§ **What is needed**:
Give again, word for word, the lines below that run from the line with "Sefer haYashar, or, The" through the line with "Master Reflective T-Shirt in Black". Drop the pictures.

§ **Listed records**:

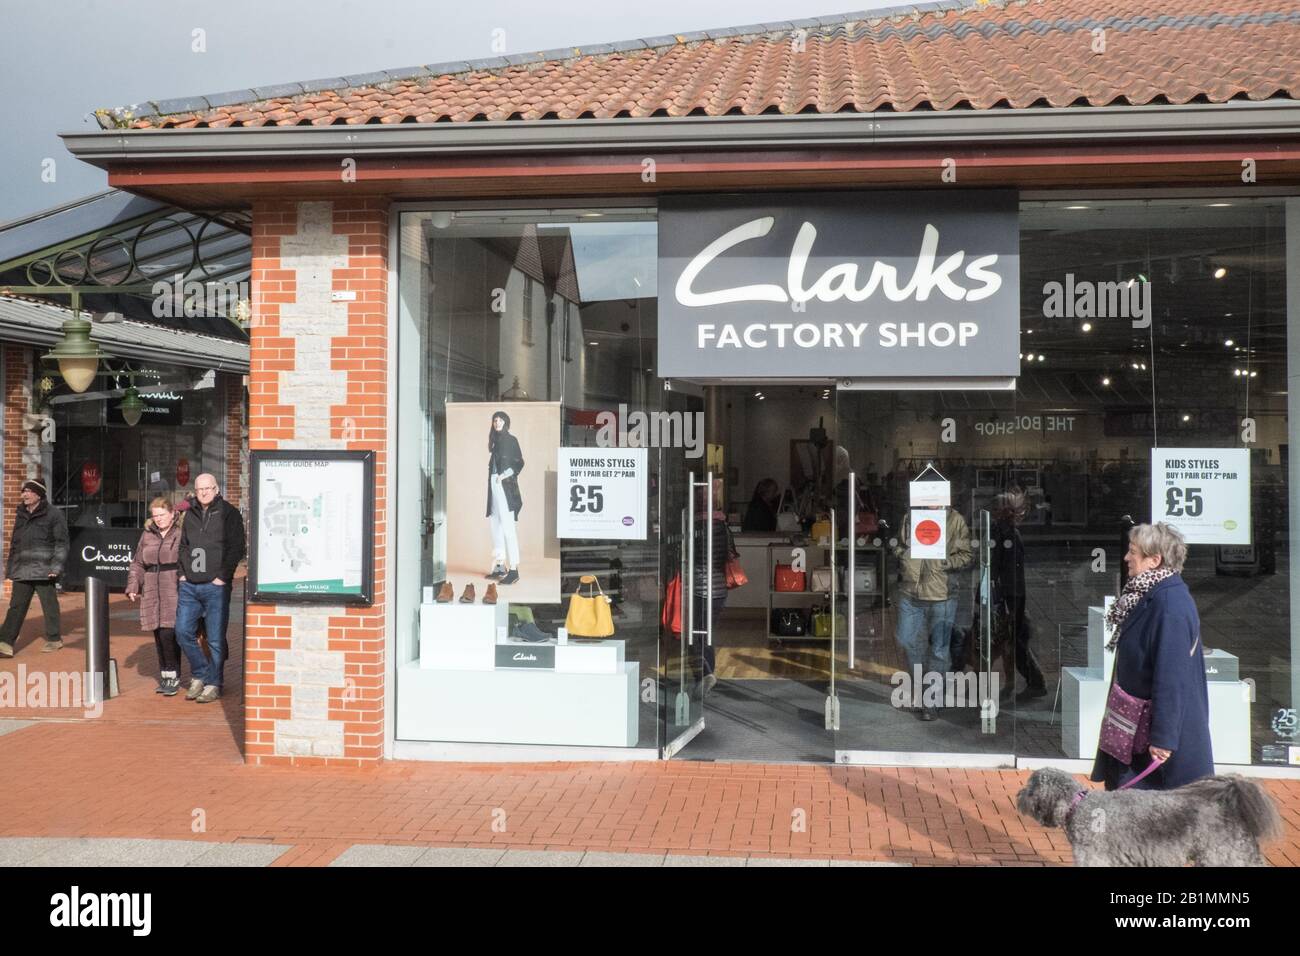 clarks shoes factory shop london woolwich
==
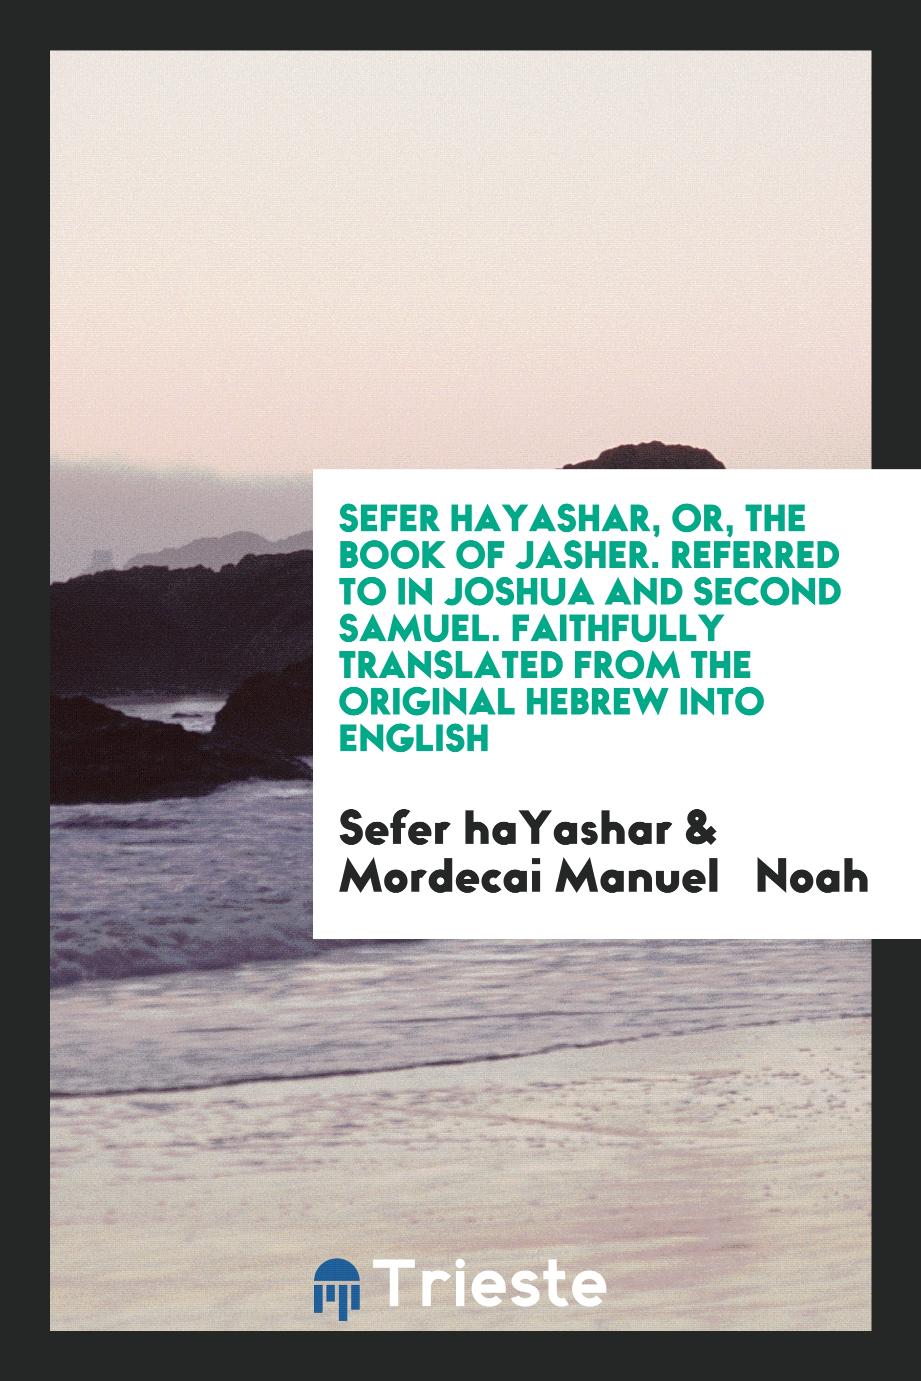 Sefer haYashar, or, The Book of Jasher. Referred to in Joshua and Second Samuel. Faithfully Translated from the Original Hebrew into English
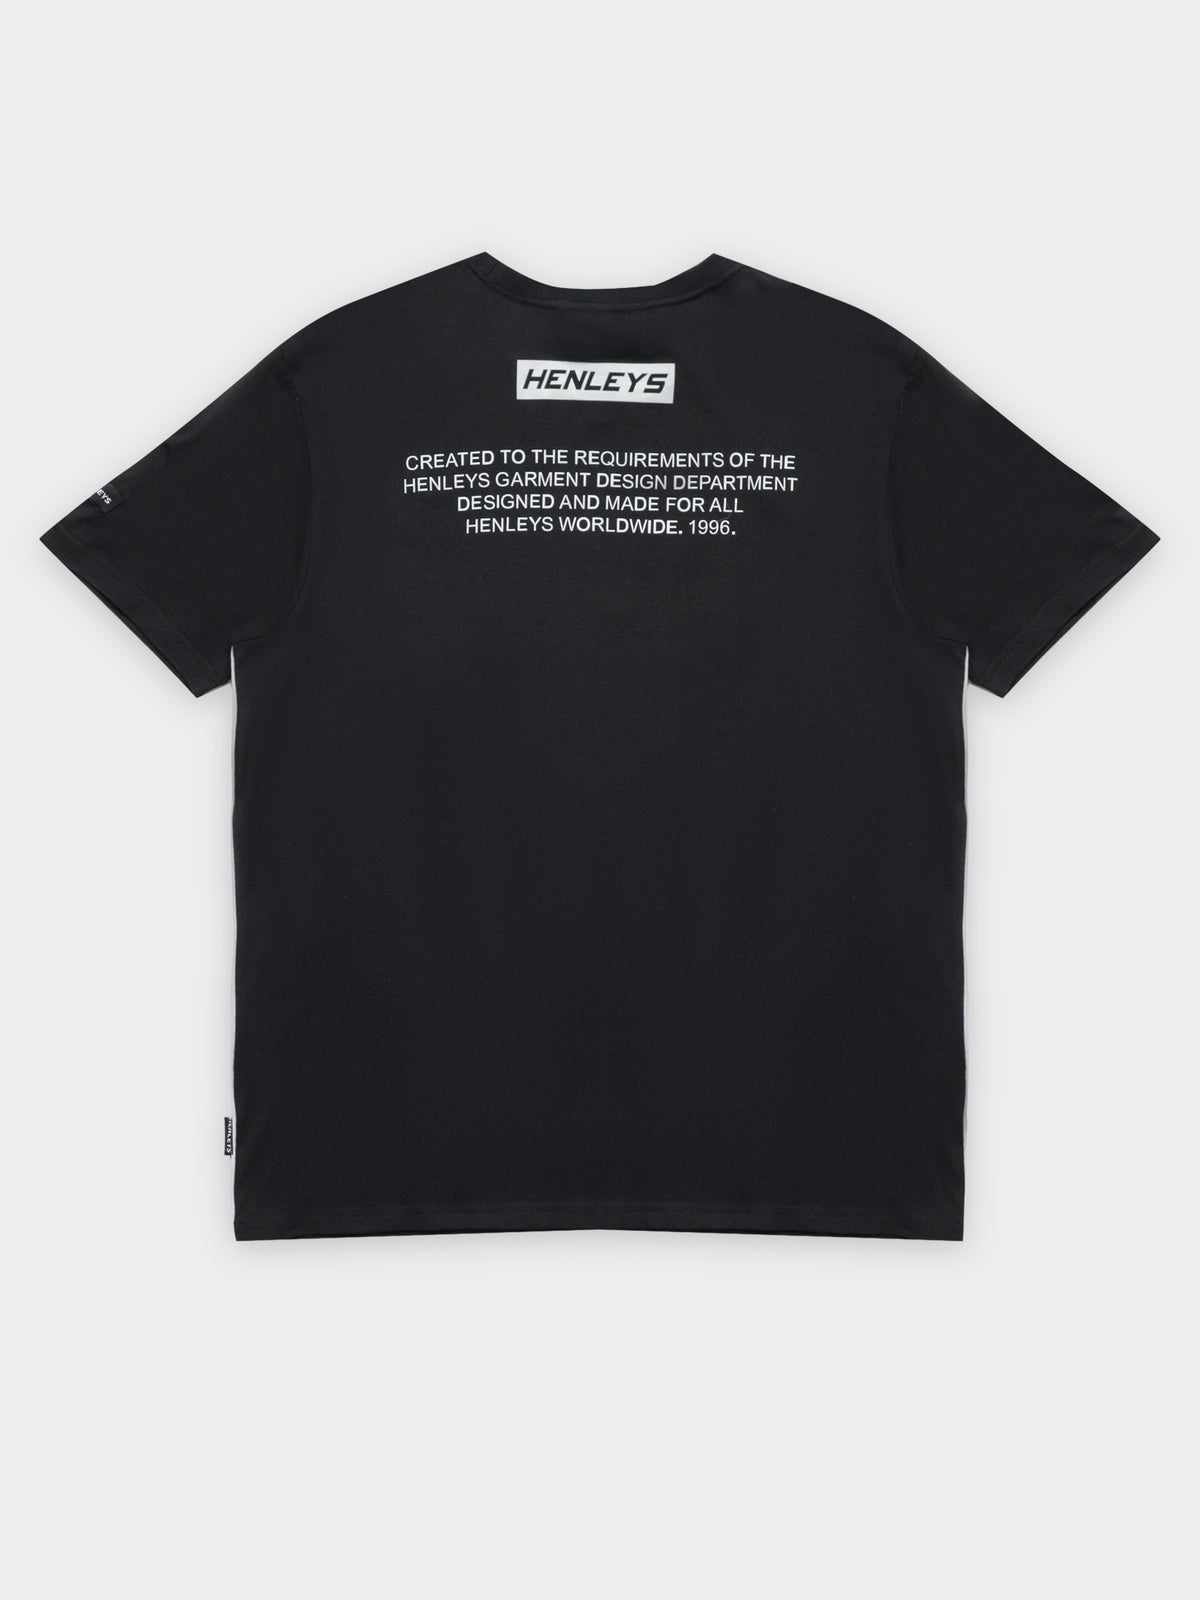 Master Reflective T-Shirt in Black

§ **Solution**:
 Sefer haYashar, or, The Book of Jasher. Referred to in Joshua and Second Samuel. Faithfully Translated from the Original Hebrew into English
 Master Reflective T-Shirt in Black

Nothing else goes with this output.